Perhaps someone deliberately messing with their version string, e.g. testing the software to make sure it handles "unknown" or "future" release cases properly?
My immediate thought is that this is spoofed. I doubt anyone at Apple would be silly enough to allow software on an unannounced OS to freely send out analytic data. I expect they'd have some sort of filtering applied either right on their dev/test machines (something like Little Snitch, though surely built in-house) or at the network level.
> I doubt anyone at Apple would be silly enough to allow software on an unannounced OS to freely send out analytic data
...and you'd be wrong. It is very common for Apple to test its new browser versions on the public internet and for those version numbers to show up in the logs of popular Apple web sites. It's one of the ways that Think Secret could confirm that a new version was on the way.
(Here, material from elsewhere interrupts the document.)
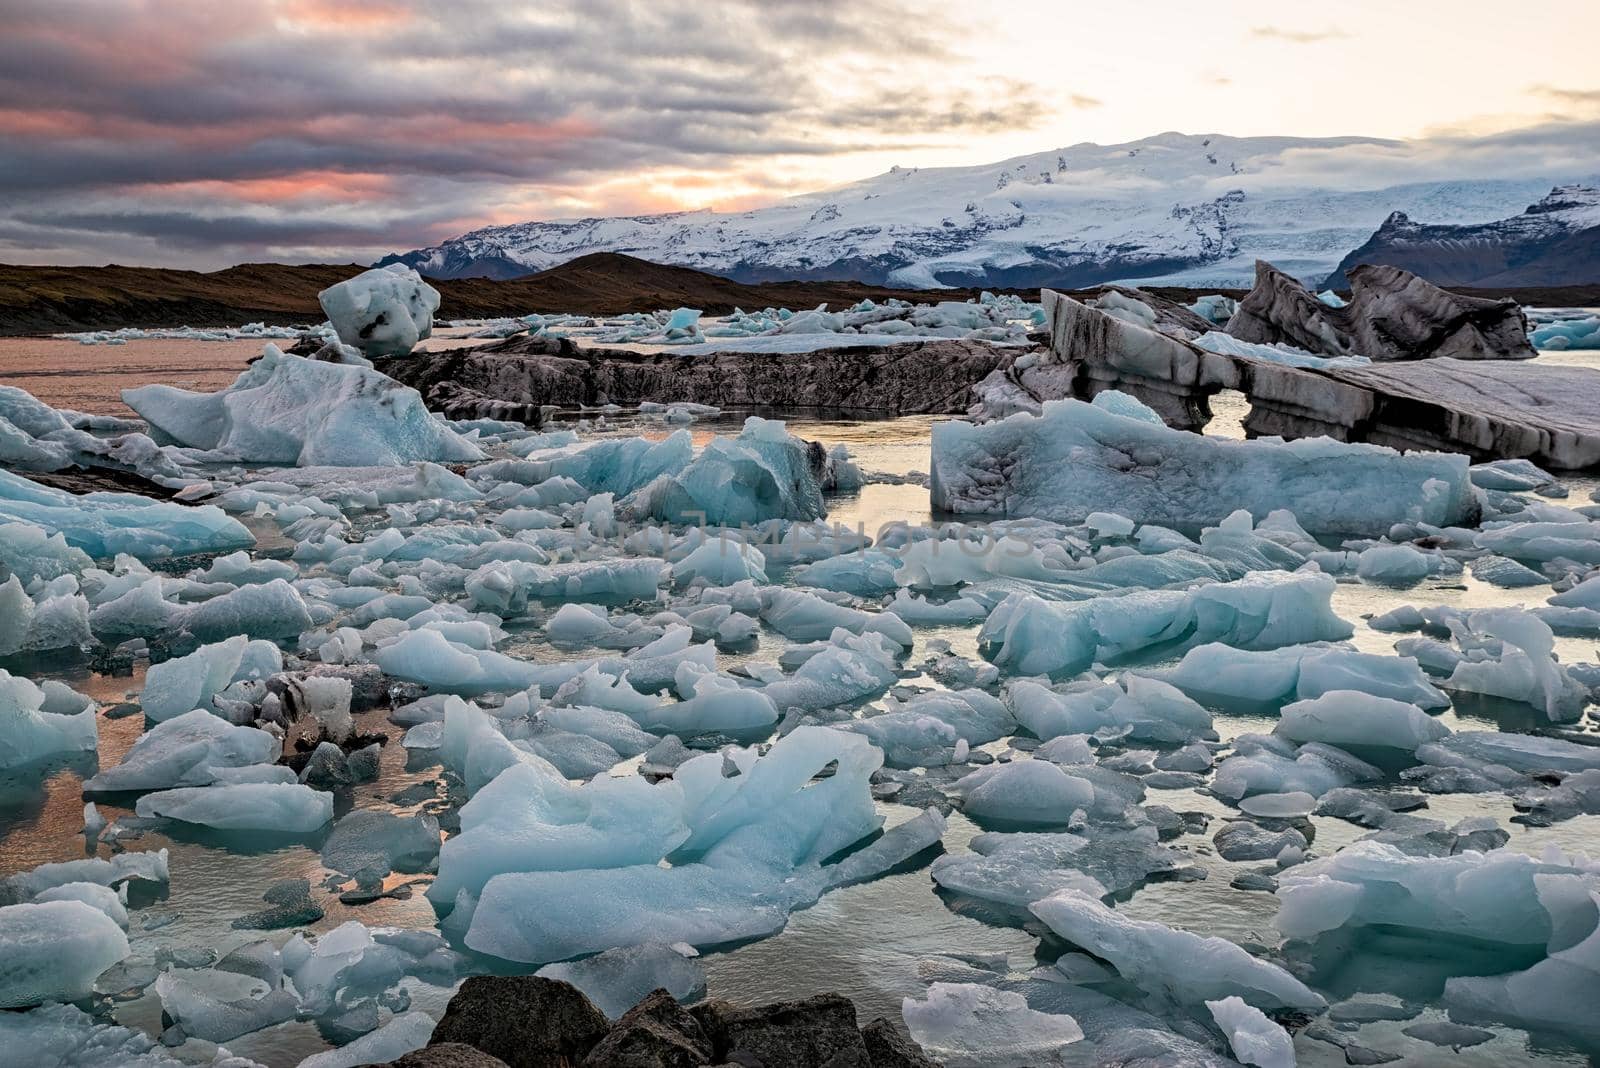 Colorful sunset in Jokulsarlon glacier lagoon, Iceland by LuigiMorbidelli

Certainly not much if anything at all, but it's mildly interesting to note that it identifies as 10.14 and not, say, 11.0.
Anyways there is surely something strange brewing for the next macOS, as Apple has repeatedly noted that "macOS High Sierra will be the last macOS release to support 32-bit apps without compromise", without specifying what kind of "compromise" might come up (see https://developer.apple.com/news/?id=06282017a )
I think you might be reading that wrong - should be "Without compromise, macOS will discontinue support for 32-bit apps". The only compromise should be not upgrading to 10.14 and staying on 10.13.
Why would they not allow internal software send out analytics data? At this point it is common knowledge that Apple is working on a new version of OS X that will come out next year.